The Pomodoro Technique Doesn’t Always Work

Photo by Enikő Tóth from Pexels

Any productivity advice will include something like the Pomodoro technique. Most will mention it. I have tried different Pomodoro techniques to increase my productivity, and I have mixed feelings about it.

What is the Pomodoro Technique?

The Pomodoro technique is a method that recommends working in small time increments and taking short breaks between them. You repeat that three/four times and then take a longer break. Traditionally the Pomodoro technique requires you to work 25 minutes, take a  5 min break and then make your longer break 20 minutes. That is a 25/5/20 format,

You can adjust it in many ways that you see fit. You can decide to work for 50 minutes and take 10 minutes to break, for example, and make your longer break 30 minutes. The trick is to find something that works for you.
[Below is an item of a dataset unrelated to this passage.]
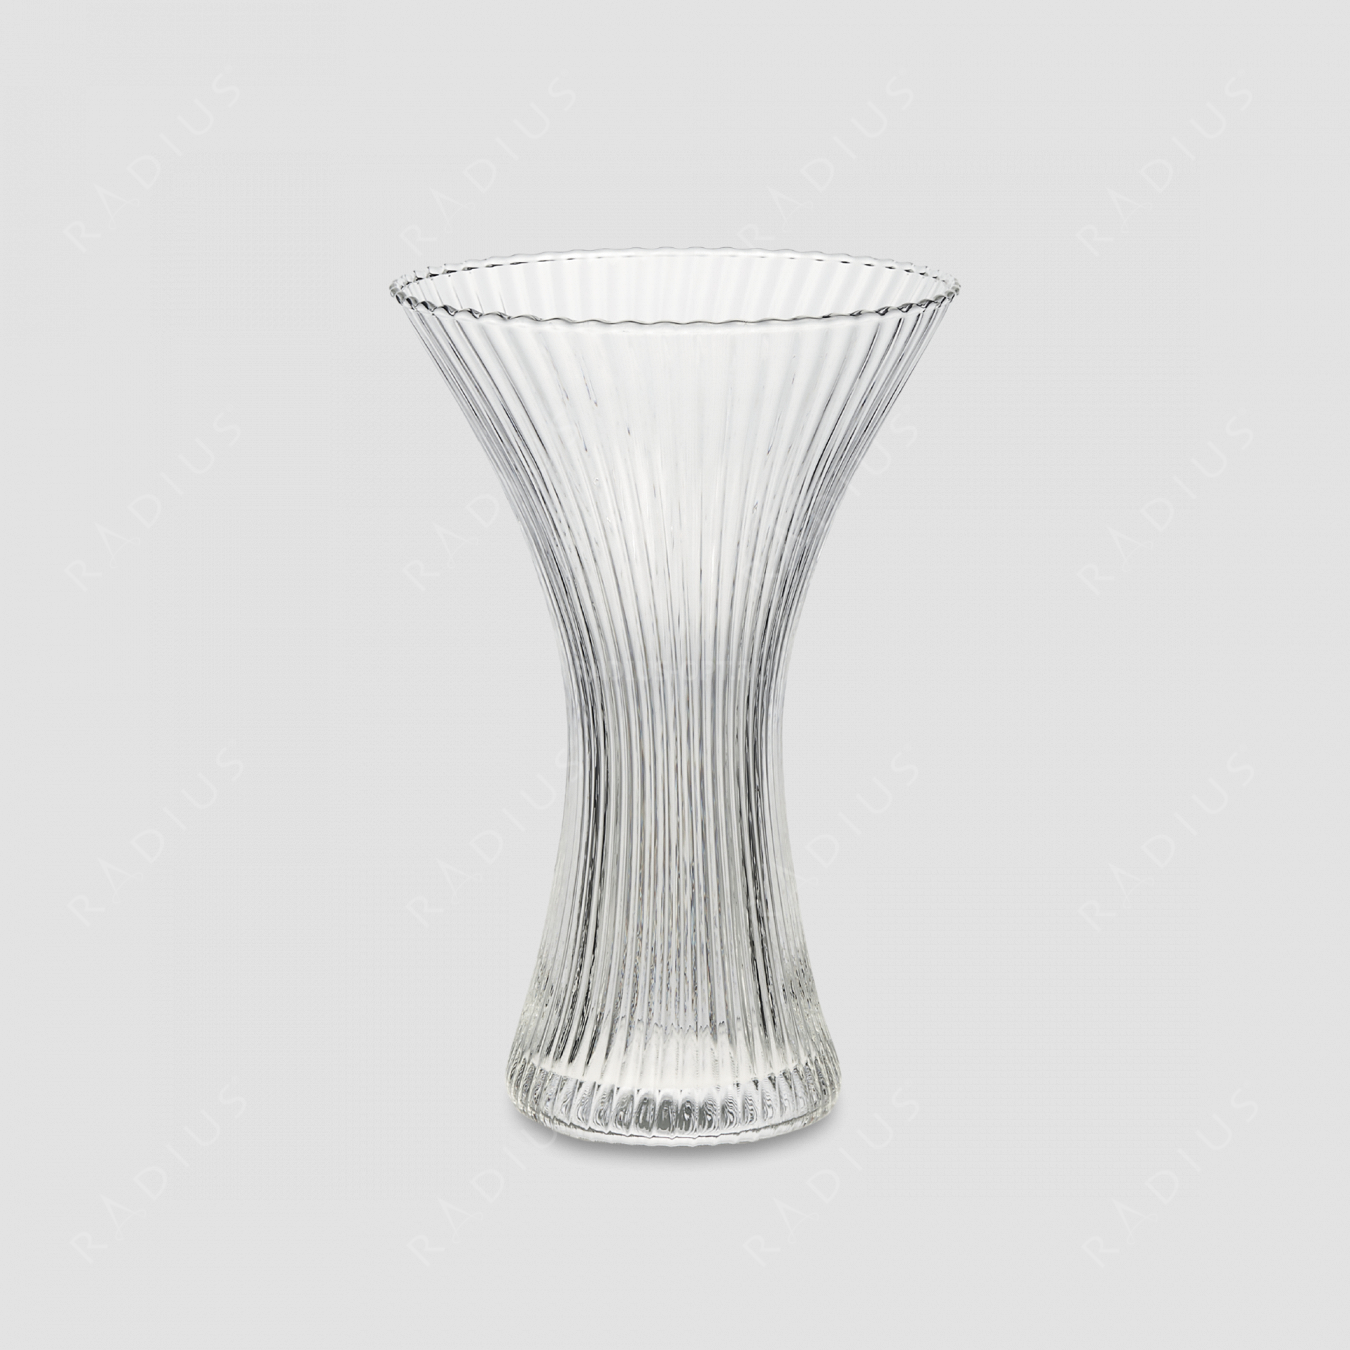 Стеклянная ваза для цветов, диаметр: 18 см, высота: 27,5 см, материал: стекло, цвет: прозрачный, серия Florenza, IVV (Italy), Италия

The Pomodoro technique is said to make work easier by allowing you to take a break just before you reach that level of resistance. Your break will allow you to come back refreshed. If you do it right, you will be able to this for hours, enabling you to be more productive.

That is very appealing. We want work to be easy or just the right amount of challenging, and we want to be more productive.

My Story With The Pomodoro Technique

I started off with the traditional way of using the Pomodoro technique.  And, from the get-go, I didn’t really see it staying with me. So I’m took another direction where I would work in 14 minutes increments, small break for 5 minutes and have 10 minute big breaks (14/5/10). That also didn’t work out so well. I tried the 40/10/20. That also didn’t work out, and then I tried about an hour and 15-minute breaks, with the long break being 30 minutes. Didn’t work.

I got to a point where whichever way I sliced it up, it just did not work for me because I couldn’t do it consistently enough, and the point of all of this was that I should be able to do this consistently and produce results predictably. That’s the most important thing.

It was also supposed to make my job easier, but it didn’t; I still felt like my brain was mush at the end of the day. The Pomodoro technique has its moments, but I don’t think the disadvantages are discussed enough.

So I thought I should share some of the disadvantages I found when I was using the technique.

Pomodoro Technique Disadvantages

Here is my small list.

It makes you focus on the endpoint instead of the process

Anything involving timers and alarms gives a sense of false urgency. Whenever I use the Pomodoro technique, I would always have to think about when the focus period would end.

You’re working focused on the endpoint instead of just being free to explore the task. Sometimes you look at the timer, and you think, “x minutes is left, I gotta do something to fill in that time with whatever activity that can pass as work,” which is basically cheating and takes your focus away from what you are supposed to be doing.

It turns the process into a chore

They say loving your work is a ticket to exploitation. But would you rather not love your work and be exploited, or love it and be exploited? I bet you would pick the latter. Things are simply better when we enjoy doing them. It makes us value them more.

The Pomodoro technique, by taking your focus away from the process, turns your tasks into a chore. Instead of doing a task and seeing what happens, you just want to do y in x minutes. That is a totally different mindset.

Interrupts flow

The Pomodoro technique interrupts flow because every time you take a break is an opportunity for you to lose your momentum and this has happened to me.

Sometimes I would be working on something, and I would be into it. Then the alarm would go off and  I would have to take a break. Man, that would be a bummer! You can say I didn’t have to, but the point was preserving mental energy so I could be productive overall.

I would just think, “I wanna keep working on this until I crash! I’m in the zone! The freaking zone!” This is what psychologists call the flow state.

That state of joyful work is so sweet and powerful that I recommend smashing your timer and burning all the energy you have to offer. Some people are going to say it’s dangerous; that I should take a break for my mental and physical wellbeing, and other stuff like that. And I agree.

The reason why I feel strongly about exploiting those moments of high engagement is because you will get a lot done, and your body will tell you when you need a break. Trust the body, it knows what it’s doing. As I write this, my body is telling me I am thirsty, that is an opportunity to get up and take a small break. I will walk to the kitchen, pour myself a glass, and come back to my desk. Next time I will be tired and I will open up a tab, watch Bloomberg or read news sites.

The flow state often comes to me when I stop thinking about time, benchmarks, deadlines and just sit down and focus on the process of doing the job and doing the job well. The first 5 minutes may suck, but something just clicks, and you couldn’t remove me from my laptop with a crowbar. And I love that!

Final Thoughts

In the end, no model or technique is inherently bad or faulty. I think the Pomodoro technique works for a lot of people. It has worked for me in circumstances where I was working on multiple projects and I needed to keep tabs on all of them or put in equal amounts of effort. But I tend to produce more when I’m highly focused on one task, and I just let myself get lost in it for as long as possible. That generally lasts for about three hours and then I deflate. That block does not occur in one go without any interruptions or short breaks where I have to drink water or something. In the end, I’m pretty much exhausted and down for the day, which is pretty disappointing because I would love to get more out of my time.